The erasure of “alien enemies” from 8 U.S. Code Sec. 1182 does not mean suddenly alien enemies declared under the Alien Enemy Act are suddenly admissible. In fact, 8 U.S. Code 11829(a)(9)(ii) provides that “Any alien not described in clause (i) who… has been ordered removed under section 1229a of this title or any other provision of law, or … departed the United States while an order of removal was outstanding, and who seeks admission within 10 years of the date of such alien’s departure or removal (or within 20 years of such date in the case of a second or subsequent removal or at any time in the case of an alien convicted of an aggravated felony) is inadmissible. [emphasis added]”
Read that again, any alien ordered removed under “any other provision of law,” including the Alien Enemy Act, is inadmissible.
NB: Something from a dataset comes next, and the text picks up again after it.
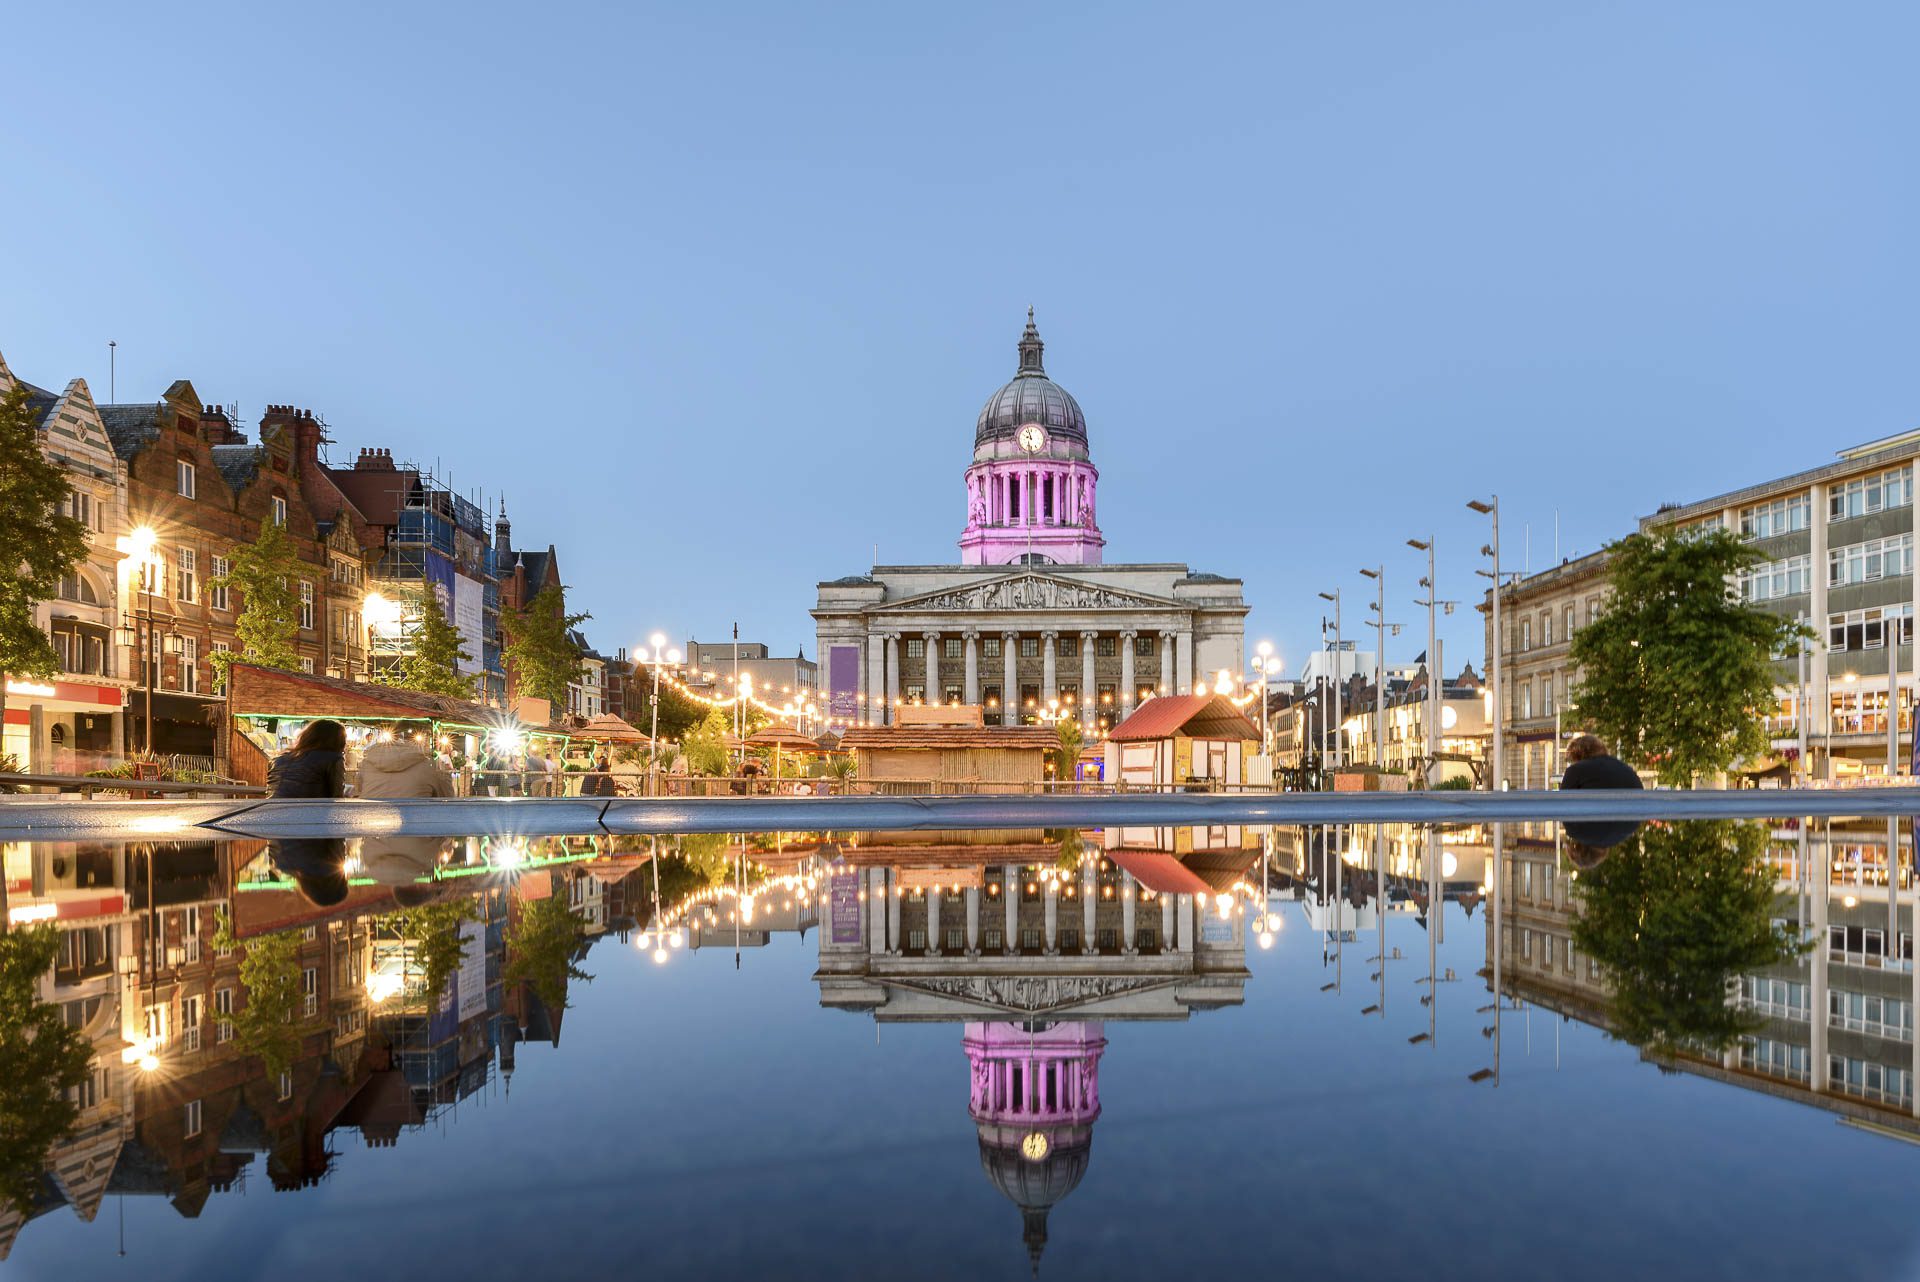 View of Nottingham Town Hall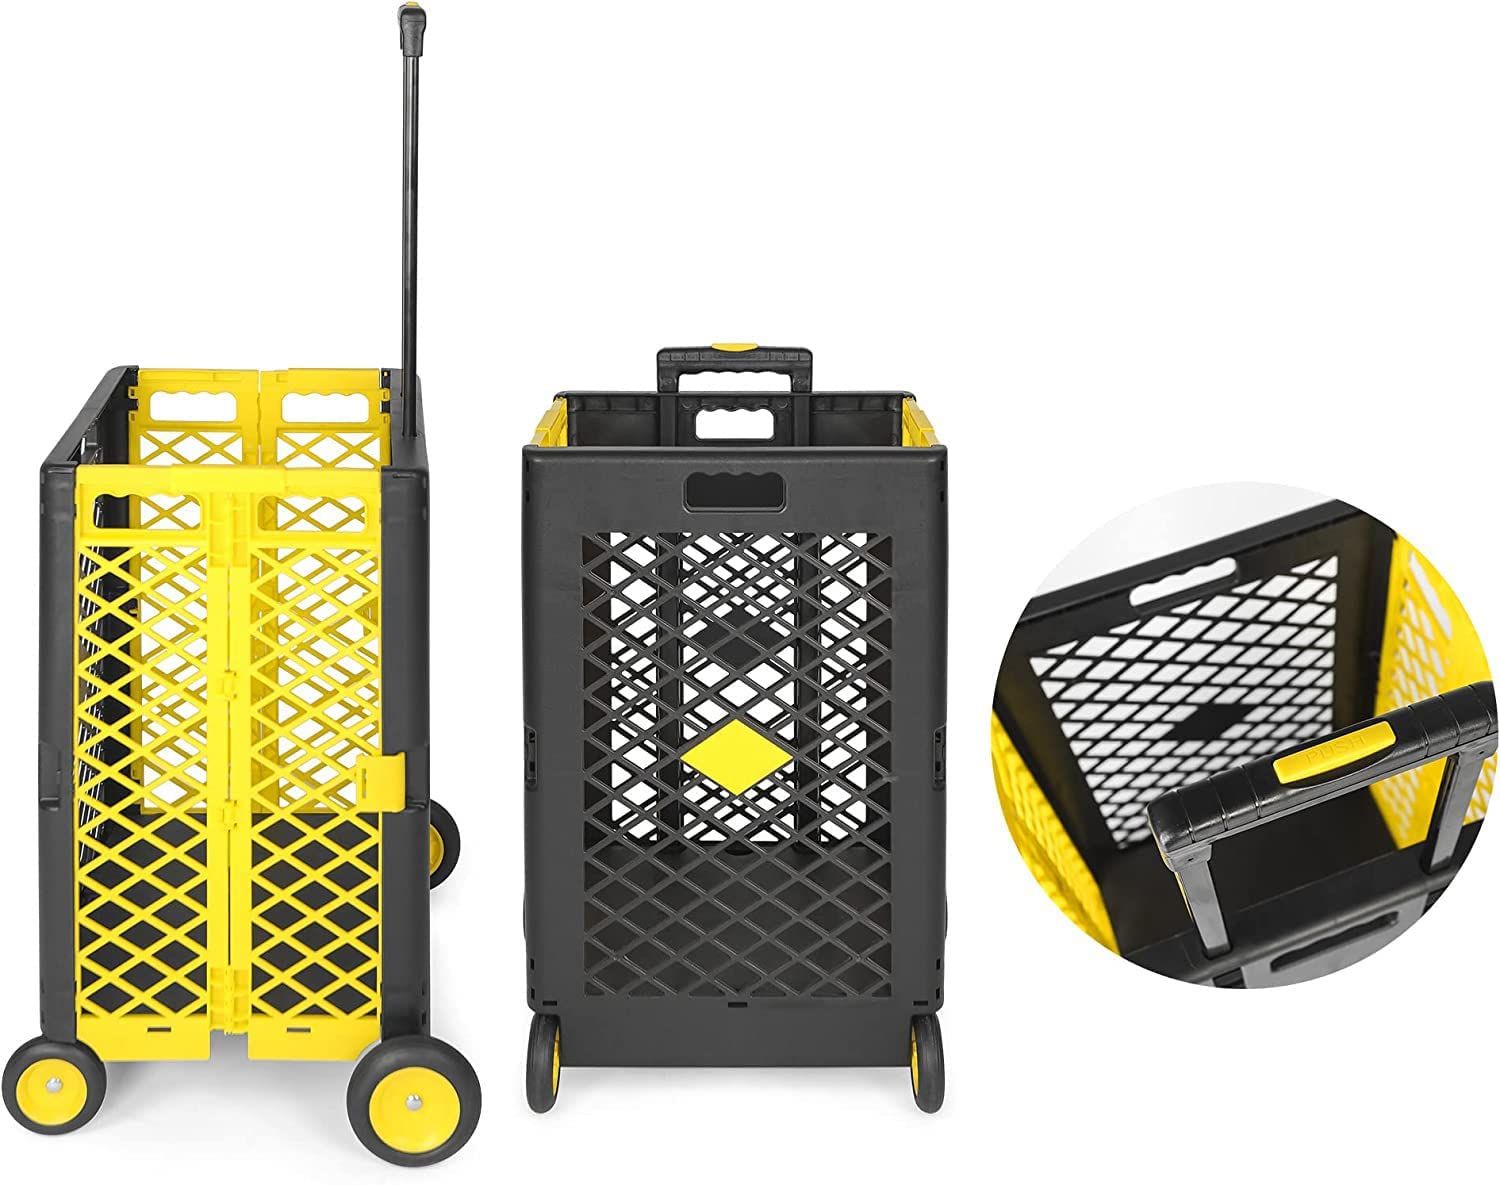 55L Foldable Rolling Cart with Wheels, Portable Updated Utility Tools Rolling Crate w/ Telescopic Handle, Yellow

Rather than repeal the 1798 law, which the 1965 and subsequent Congresses absolutely could have done, it has affirmed and invoked its continued application — when the President makes the proclamation, which he has.
Finally, in 1948, the Supreme Court ruled in Ludecke v. Watkins that actions taken by the President under the Alien Enemy Act are beyond judicial review because the presidential proclamation under it is a political question with which the President has discretion: “The very nature of the President’s power to order the removal of all enemy aliens rejects the notion that courts may pass judgment upon the exercise of his discretion… The Court would be assuming the functions of the political agencies of the Government to yield to the suggestion that the unconditional surrender of Germany and the disintegration of the Nazi Reich have left Germany without a government capable of negotiating a treaty of peace. It is not for us to question a belief by the President that enemy aliens who were justifiably deemed fit subjects for internment during active hostilities do not lose their potency for mischief during the period of confusion and conflict which is characteristic of a state of war even when the guns are silent but the peace of Peace has not come. These are matters of political judgment for which judges have neither technical competence nor official responsibility.”
In other words, the exercise of war powers whether upon declaration of war or proclamation by the President that there is an invasion, are non-justiciable questions. The courts cannot consider the conduct of war.
And so, President Trump, confident in the law, instead of turning around, the planes continued to their destination and safely landed in San Salvador, El Salvador at 8:02 p.m. on March 15. The judge’s order be damned.
Here, you have a local federal judge who is attempting to commandeer the President’s absolute authority to secure the nation’s borders and even to engage in foreign policy and to wage war, in this case by removing enemy aliens and having them removed to an ally of the U.S., El Salvador, who has received and processed them into that country’s prison system.
If allowed to stand, Judge Boasberg’s ruling, by hampering the ability of the President to wage war when Congress has authorized that he may to repel an invasion, by definition poses a threat to national security. What’s next, if President Trump orders air strikes somewhere, a judge will issue a ruling saying the F-16s have to turn back?
In essence, President Trump defied what at this point can only be called an imperial judiciary, and Trump is going to let the chips fall where they may.
Robert Romano is the Executive Director of Americans for Limited Government Foundation.